Defining the same schema using DDL is much simpler

    // In Scala
    val schema = "author STRING, title STRING, pages INT" 
    
    # In Python
    schema = "author STRING, title STRING, pages INT"

You can choose either language when defining a schema. For many examples, we will use DDLs and static schemas.

    # In Python
    from pyspark.sql import SparkSession
    
    # Define schema for our data using DDL
    schema = "`Id` INT, `First` STRING, `Last` STRING, `Url` STRING,
      `Published` STRING, `Hits` INT, `Campaigns` ARRAY<STRING>"
    
    # Create our static data
    data = [[1, "Jules", "Damji", "https://tinyurl.1", "1/4/2016", 4535, ["twitter",
    "LinkedIn"]],
           [2, "Brooke","Wenig", "https://tinyurl.2", "5/5/2018", 8908, ["twitter",
    "LinkedIn"]],
           [3, "Denny", "Lee", "https://tinyurl.3", "6/7/2019", 7659, ["web",
    "twitter", "FB", "LinkedIn"]],
           [4, "Tathagata", "Das", "https://tinyurl.4", "5/12/2018", 10568,
    ["twitter", "FB"]],
           [5, "Matei","Zaharia", "https://tinyurl.5", "5/14/2014", 40578, ["web",
    "twitter", "FB", "LinkedIn"]],
           [6, "Reynold", "Xin", "https://tinyurl.6", "3/2/2015", 25568,
    ["twitter", "LinkedIn"]]
          ]
    
    # Main program
    if __name__ == "__main__": 
    # Create a SparkSession 
    spark = (SparkSession
             .builder
             .appName("Example-3_6")
             .getOrCreate())
    
    # Create a DataFrame using the schema defined above
    blogs_df = spark.createDataFrame(data, schema)
    
    # Show the DataFrame; it should reflect our table above 
    blogs_df.show()
    # Print the schema used by Spark to process the DataFrame 
    print(blogs_df.printSchema())
    
If you want to use this schema elsewhere in code, simply execute `blogs_df.schema` and it will return the schema defintion:
    StructType(List(StructField("Id",IntegerType,false),
    StructField("First",StringType,false),
    StructField("Last",StringType,false),
    StructField("Url",StringType,false),
    StructField("Published",StringType,false),
    StructField("Hits",IntegerType,false),
    StructField("Campaigns",ArrayType(StringType,true),false)))

# Columns and Expressions

As mentioned, named columns in DataFrames are conceptually similar to named columns in pandas or R DataFrames or in an RDBMS table; they describe a type of field. You can list all the columns by their names, and you can perform operations on their values using relational or computational expressions. In Spark's supported languages, columns are objects with public methods (represented by the `Column` type).

There also exists logical and mathematical expressions on columns. For example, `expr('columnName * 5')` or `(expr('columnName - 5') > col(anothercolumnName))`, where `columnName` is a Spark type (integer, string, etc.) `expr()` is part of the `pyspark.sql.functions` (Python) and `org.apache.spark.sql.functions` (Scala) packages. Like anoy other function in those packages, `expr()` takes arguments that Spark will parse as an expression, computing the result. 

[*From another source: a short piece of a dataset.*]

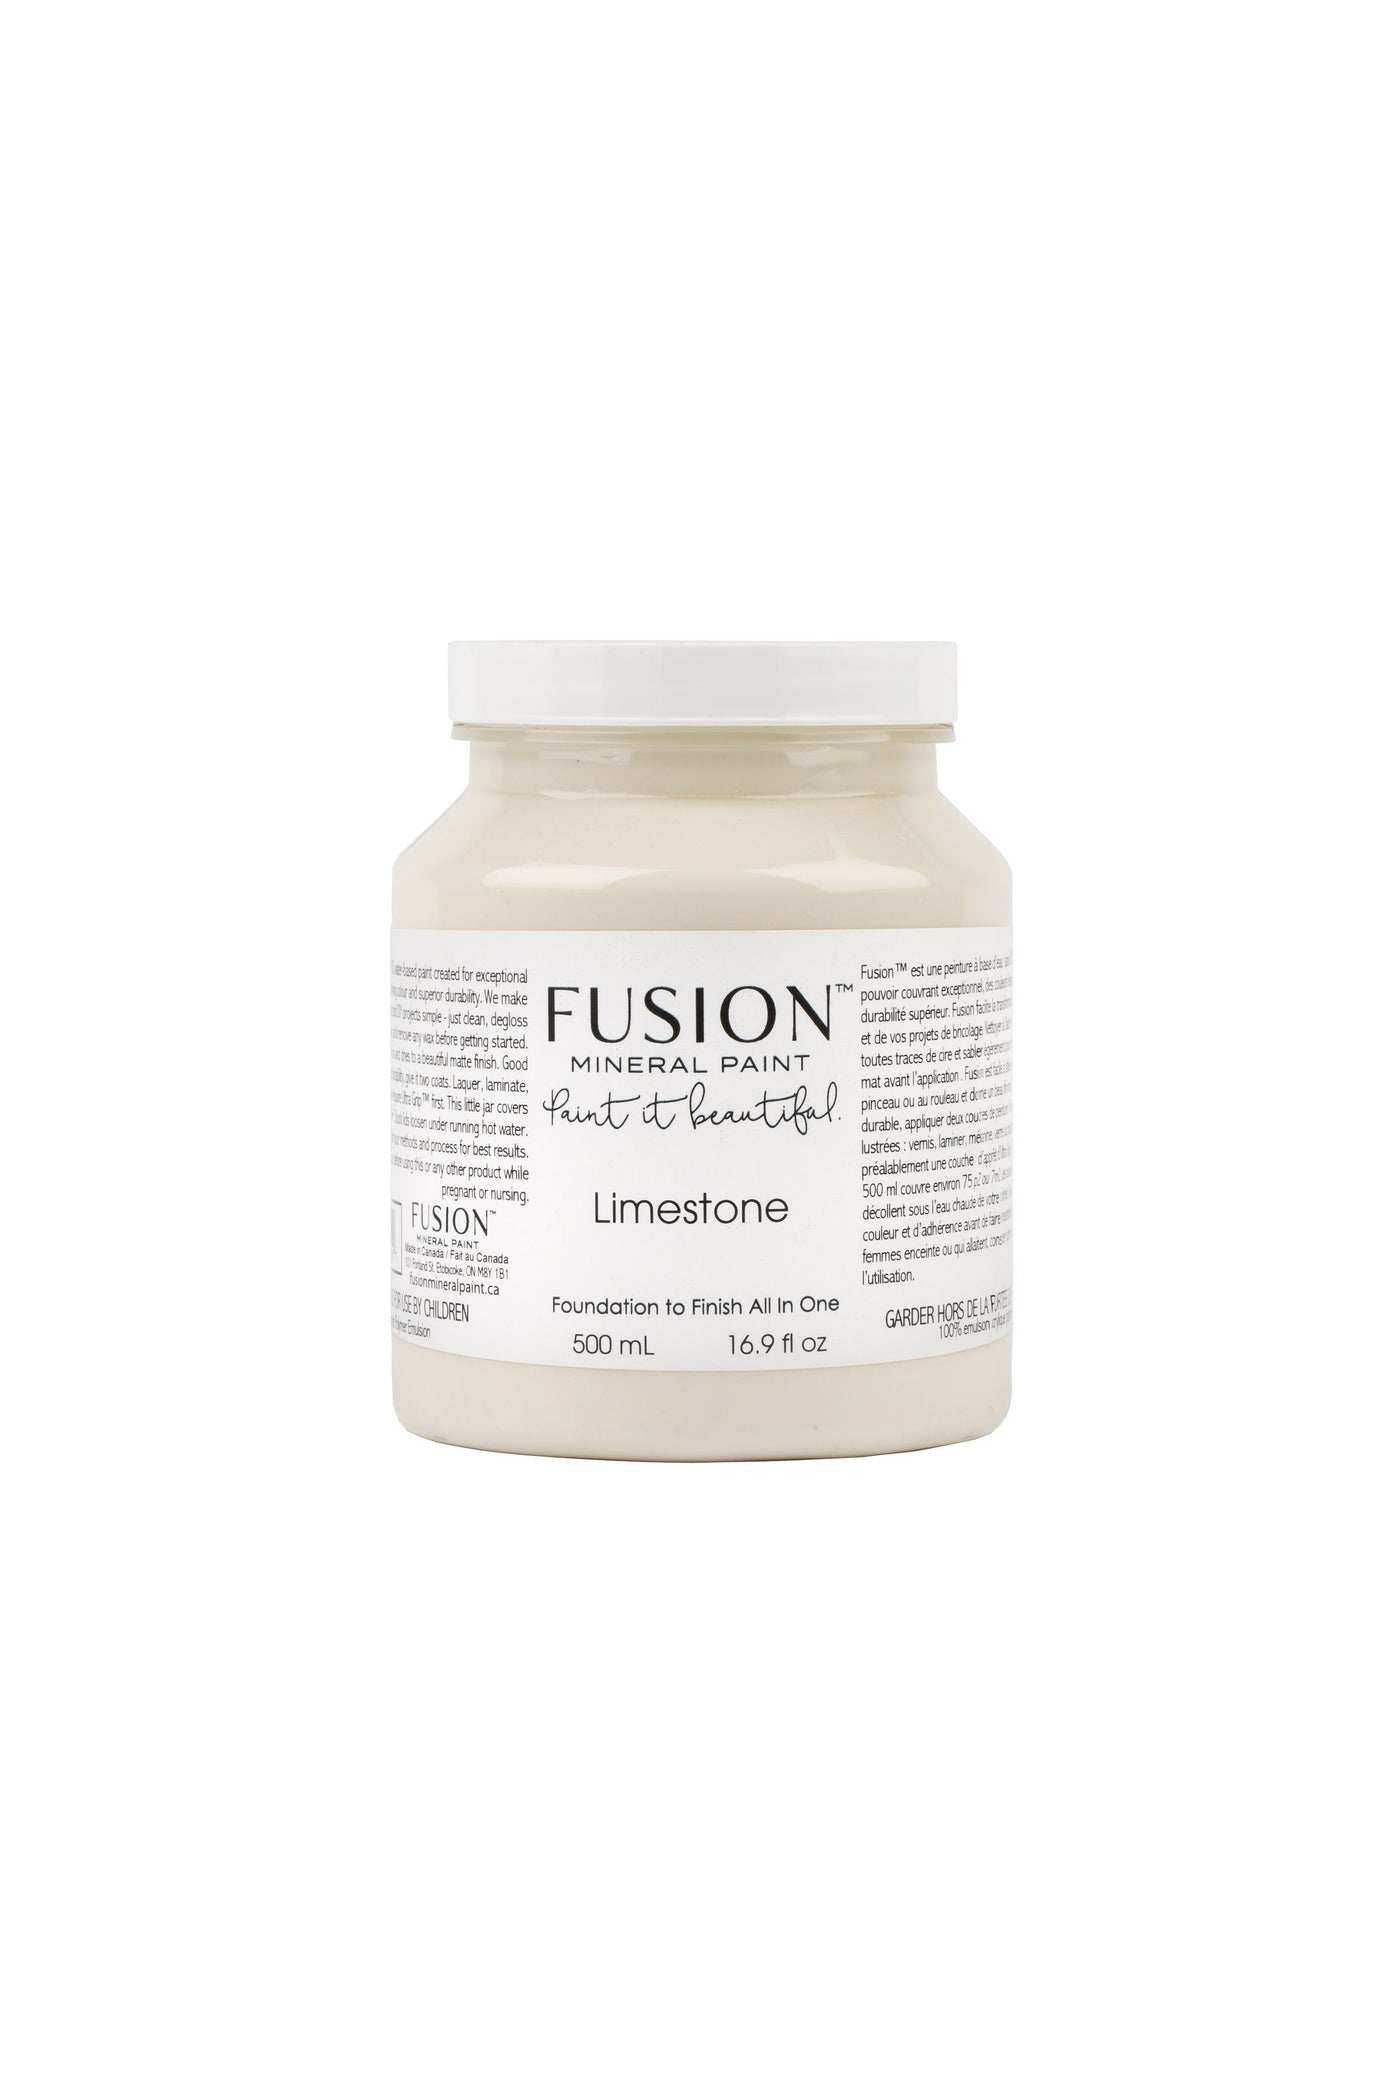 Fusion Mineral Paint - LIMESTONE warm creamy off-white 500ml

Scala, Java, and Python all have public methods associated with columns. You'll note that the Spark documentation refers to both `col` and `Column`. `Column` is the name of the object, while `col()` is a standard built-in function that returns a `Column`

`Column` objects in a DataFrame can't exist in isolation; each column is part of a row in a record and all the rows together constitute a DataFrame, which as we will see later in the chapter is really a `Dataset[Row]` in Scala.

# Rows

A row in Spark is a generic *Row object*, containing one or more columns. Each column may be of the same data type (e.g. integer or string), or they can have different types (integer, sting, map, array, etc.) Because `Row` in each of Spark's supported languages and access its field by an index starting at 0. `Row` objects can be used to create DataFrames if you need them for quick interactivity and exploration:

    # In Python
    rows = [Row("Matei Zaharia", "CA"), Row("Reynold Xin", "CA")]
    authors_df = spark.createDataFrame(rows, ["Authors", "State"])
    authors_df.show()
    
    // In Scala
    val rows = Seq(("Matei Zaharia", "CA"), ("Reynold Xin", "CA")) val authorsDF = rows.toDF("Author", "State")
    authorsDF.show()

In practice, you will usually want to read DataFrames from a file as illustrated earlier. In most cases, defining a schema and using it is a quicker and more efficient way to create DataFrames. After you have created a large distibuted DataFrame, you are going to want to perform some common data operations on it. Let's examine some of the Sprk operations you can perform with high-level relational operators in the Structured APIs.

# Common DataFrame Operations

To perform common data operations on DataFrames, you'll first need to load a DataFrame from a data source that holds your structured data. Spark provides an interface, `DataFrameReader`, that enables you to read data into a DataFrame from myriad data sources in formats such as JSON, CSV, Parquet, Text, Avro, ORC, and more! Likewise, to write a DataFrame back to a data source in a particular format, Spark uses `DataFrameWriter`. 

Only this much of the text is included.